Hello, dear friend, you can consult us at any time if you have any questions, add WeChat: daixieit

SOCIAL ANALYTICS
Assignment I: Who should Rebecca Engage with on Twitter?

Dr. Qi Deng

PART A (7 points)

OVERVIEW

Rebecca Lipstein is the Councilor of the Kitchissippi Ward in Ottawa. She is active on social media and would like to use Twitter to help promote a sustainability initiative within the ward (note: this is a made-up initiative for this assignment). Currently the Councilor has many twitter followers but she would like to ensure that her new initiative has the greatest reach and engagement possible.

Provided to you are several sources of data for your analysis.

DATASET

NoLipsteinConversationEdges.csv (You can download from Brightspace under Assignment 1)

This a data set detailing some twitter activity using keywords relevant to the Kitchissippi Ward. This data set only includes the “replies to” and “mention” edges. This data has been cleansed of twitter users who already ‘follow’ or are ‘followed by’ Councilor Lipstein. Thus, the data hopefully reflects conversations among people relevant to the Kitchissippi Ward who Councilor Lipstein has no social media connection to. Additionally, based on the keyword search used there may, or may not be, irrelevant data in the data set (data that has nothing to do ward or city of Ottawa activity). Further please note that some of the data is real and some has been fabricated for the purposes of this assignment. Interpretation of the data is as follows: The ‘source’ twitter user either ‘mentions’ or ‘replies to’ the ‘target’ twitter user.

TASKS

Perform the following steps on the data. Anything in RED requires you to take an action which results in an artefact to be included in your assignment submission.

1. Import the data set into Gephi as a directed graph (you can have Gephi automatically create the nodes).

2. Filter the data set so that you are only initially focusing on ‘Replies to’ relationships, ie. Get rid of the ‘mention’ edges (0.25 points)

3. Add an additional filter(s) to get rid of the disconnected nodes (0.25 points)

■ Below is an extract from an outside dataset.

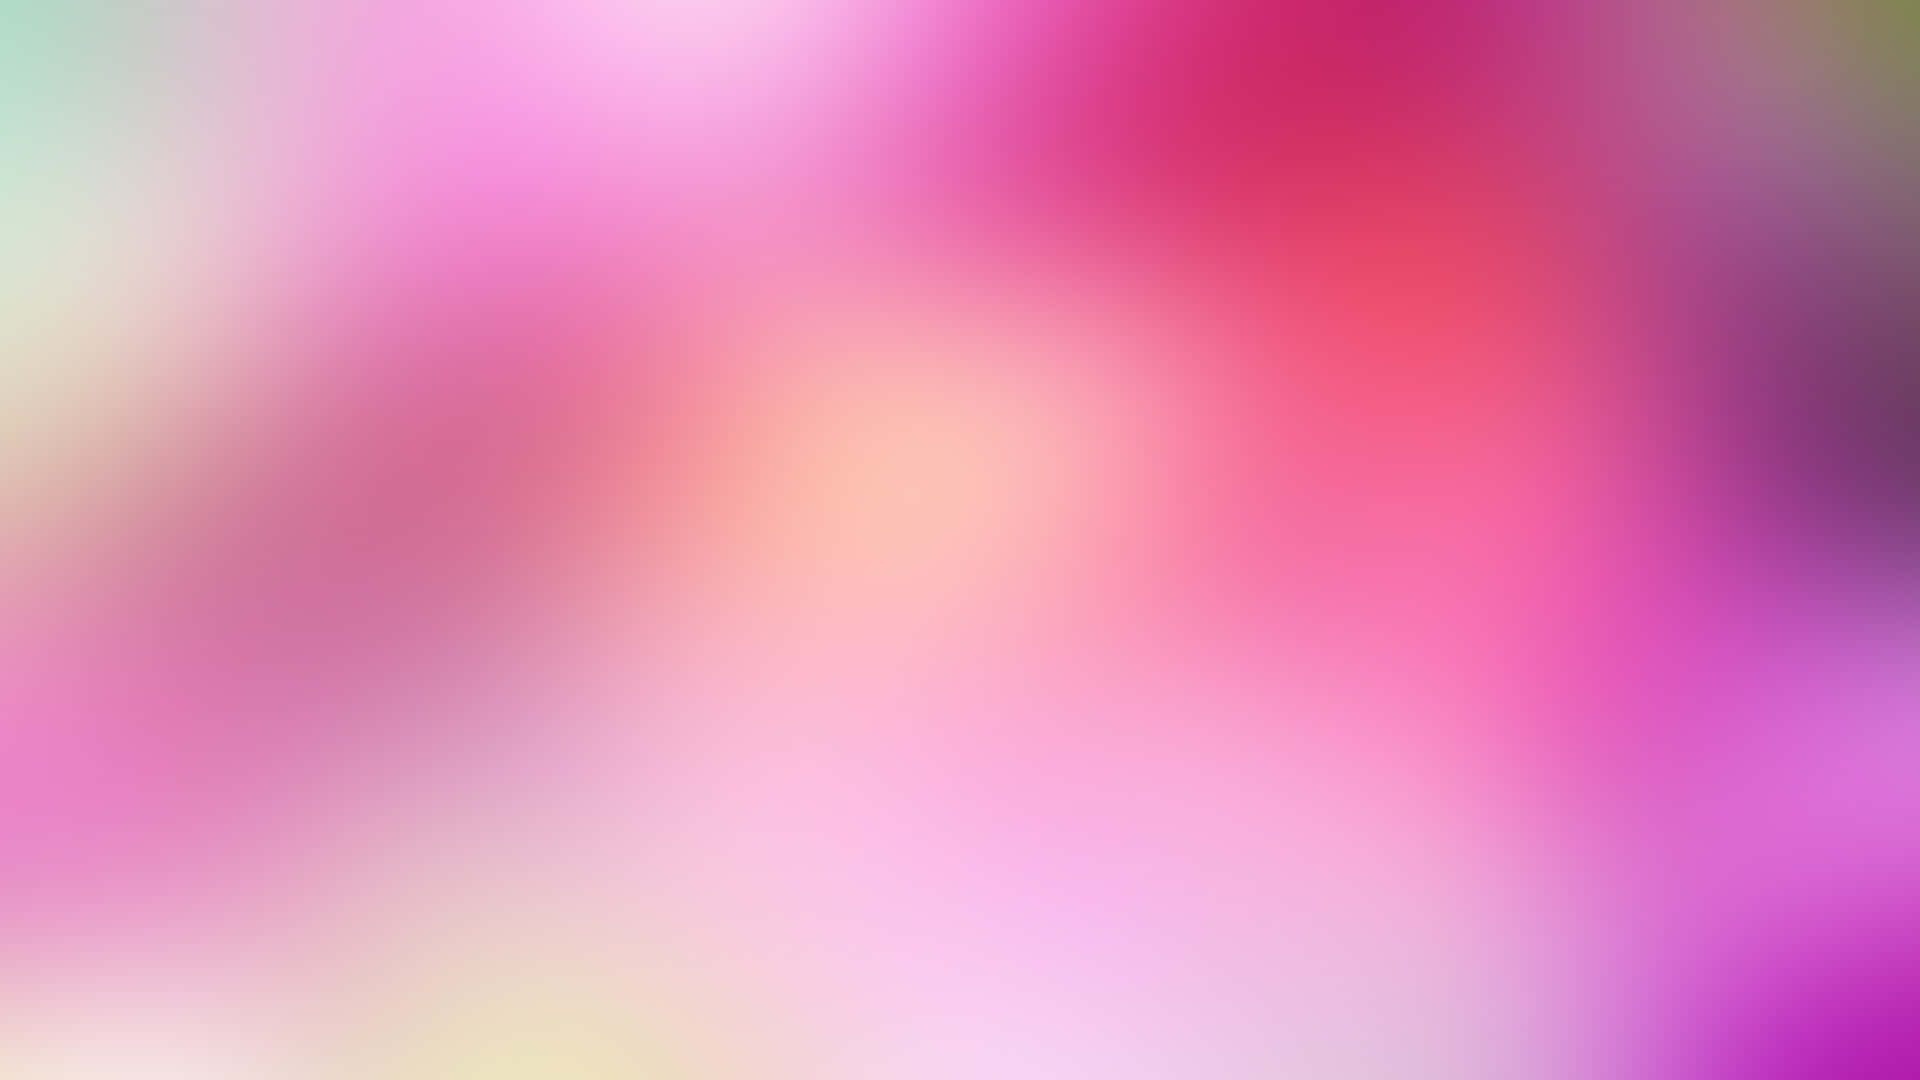 Et uskarpt baggrundsbillede med pink og lilla farver Wallpaper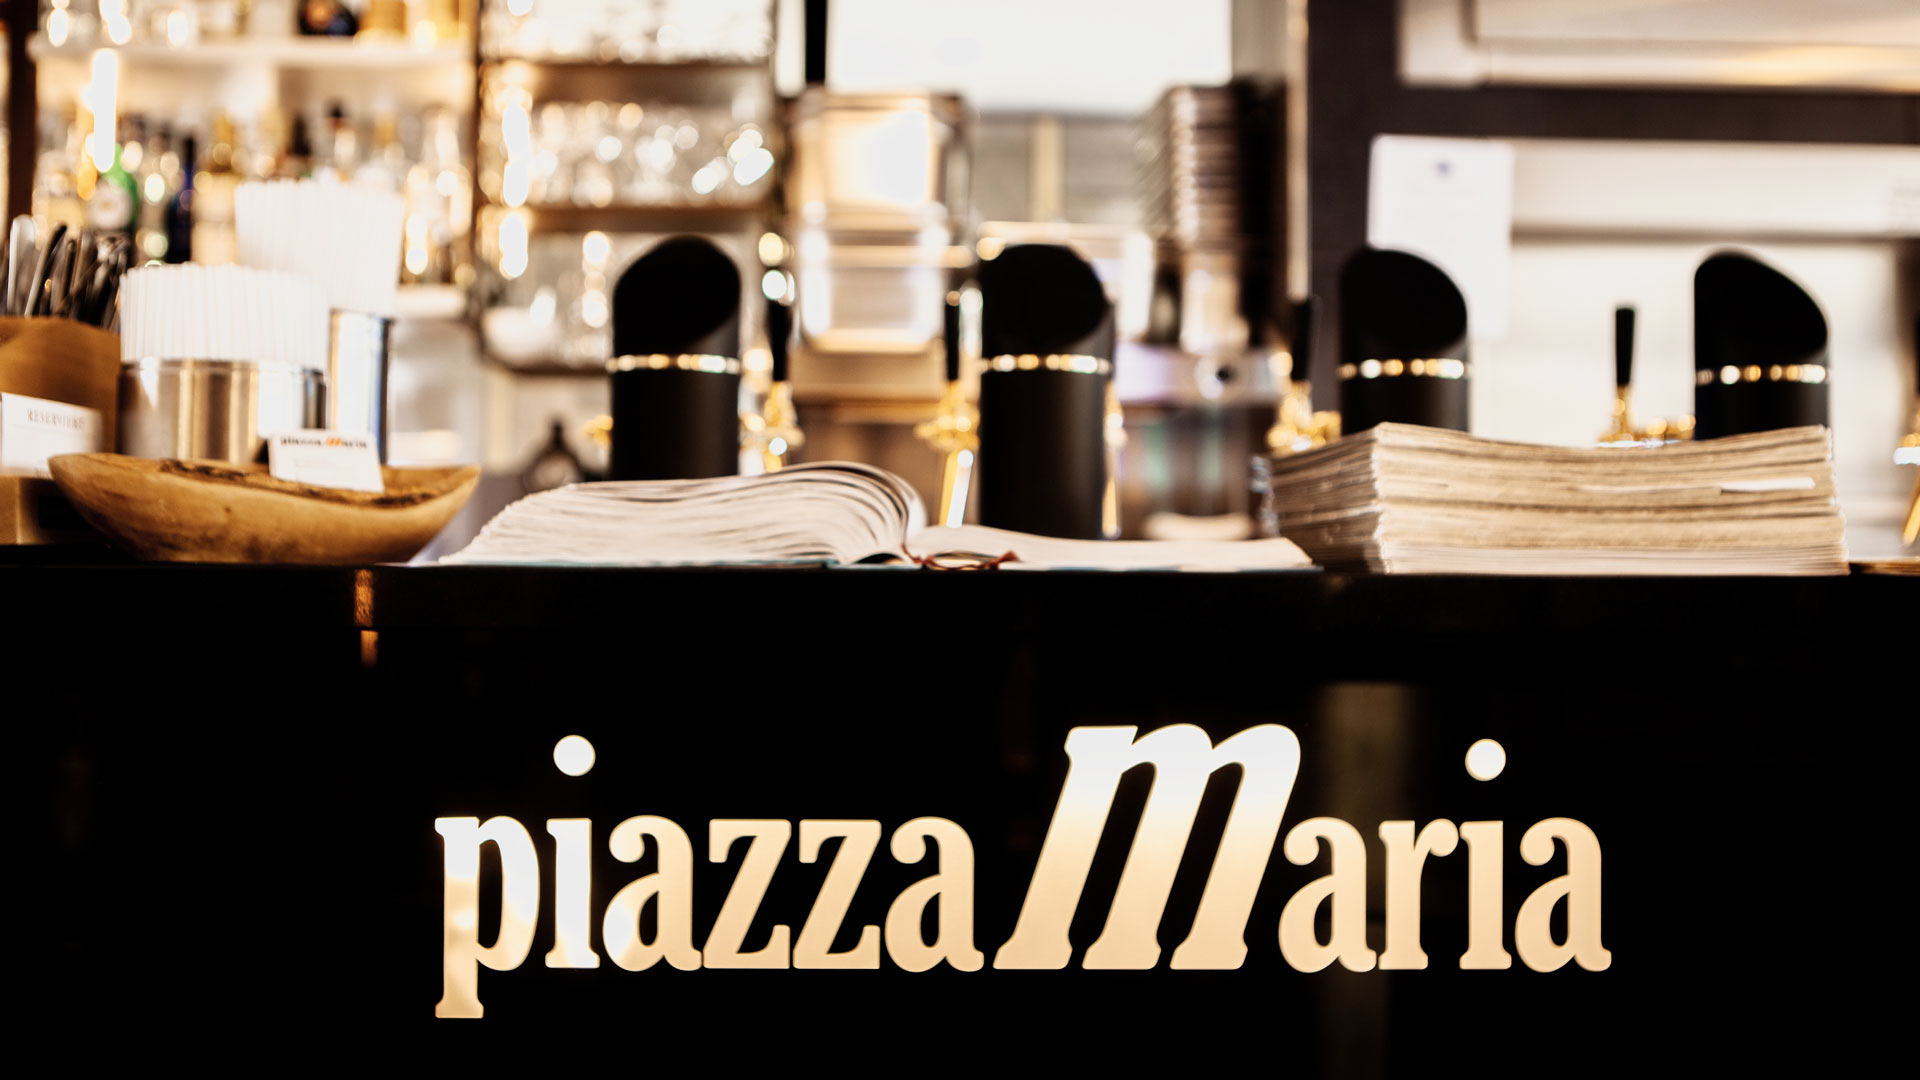 tresen ausschank logo restaurant muenchen marienplatz piazzamaria 01.01.2019

4. Run ‘modularity’ and other basic statistics we have discussed in class. Attempt to get ~8 clusters

5. Format your graph so that your clusters are colored (0.25 points)

6. Size your nodes based on how often a user is ‘replied to’ (replied to more often should be larger) (0.25 points)

7. For each of the 5 largest clusters in your network, do the following (1 points):

a) Identify the top “replied to” twitter user (who was replied to the most)

b) Based on this identification describe what seems to be the main topic(s) this user is getting “replied to” about (you will need to read the actual tweets in the data laboratory)
8. Create 1 or 2 appealing SNA graphs that capture the above analysis. For each graph, please do two screen captures (1 points):

a) The graph itself

b) Appearance tab, with the ranking of the size of nodes showing; the context tab; filter tab with an expanded view of the filters showing. To do this, close the graph window, then resize other windows so all requested information is visible. An example is shown below (note this is not based on the assignment data).